My project examines the complexity of interaction between the Roman military and early Christian communities, between the time of Jesus and the end of the fourth century A.D. Such interaction was important for the lived experience of early Christians – for most inhabitants of the Roman empire, especially in the east, soldiers would have been among the most visible symbols of Roman power – but it was also of intellectual interest to early Christian authors exploring the Roman state’s relationship with the Church. As such, Christian literature, from its earliest examples, contains numerous accounts of soldier/Christian interaction, many of which are violent, but equally many are ambiguous, or even positive in nature.

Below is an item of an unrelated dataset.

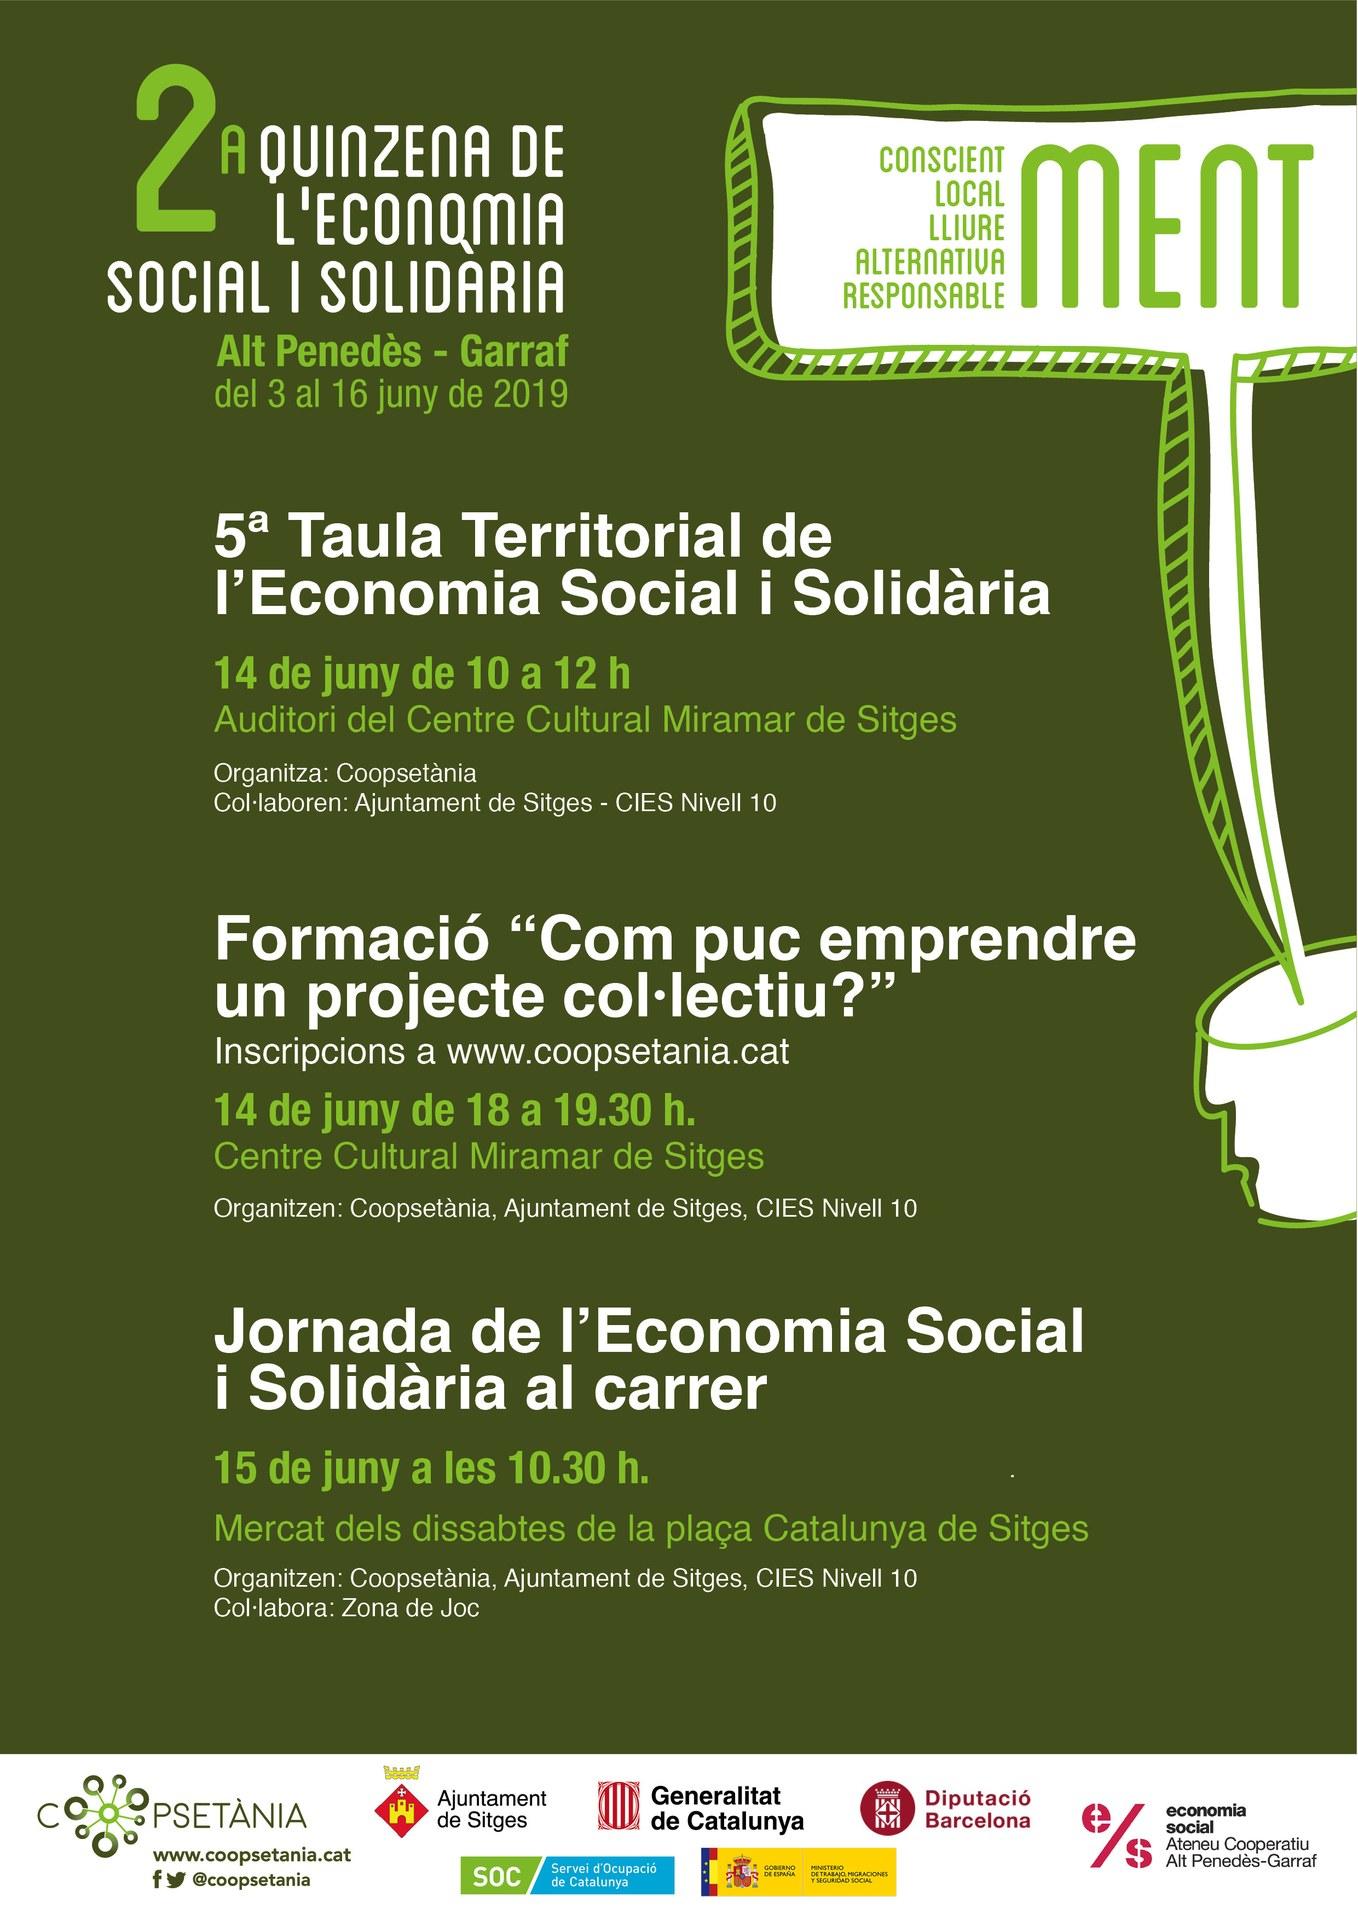 5a Taula Territorial de l'Economia Social i Solidària de l'Alt Penedès i el Garraf / 2a Quinzena d'Economia Social i Solidària

Traditionally, these two sides of the picture – social reality, and intellectual history – have been treated separately, and by separate disciplines. However, as research questions, they are clearly related and the problems they throw up are deeply integrated with one another. This project shall therefore treat the issues as interconnected, bringing a much needed historical perspective to the intellectual history angle, and, conversely, attacking the social history discussion armed with a firm grasp of the source’s literary constructions.

Treating the reality of soldier/Christian interaction and its presentation in an interconnected fashion will deliver a deeper, more accurate understanding of both. This project will demonstrate the changing ways Rome state dealt with an increasingly powerful minority group, and how this experience was constructed by that group’s discourse.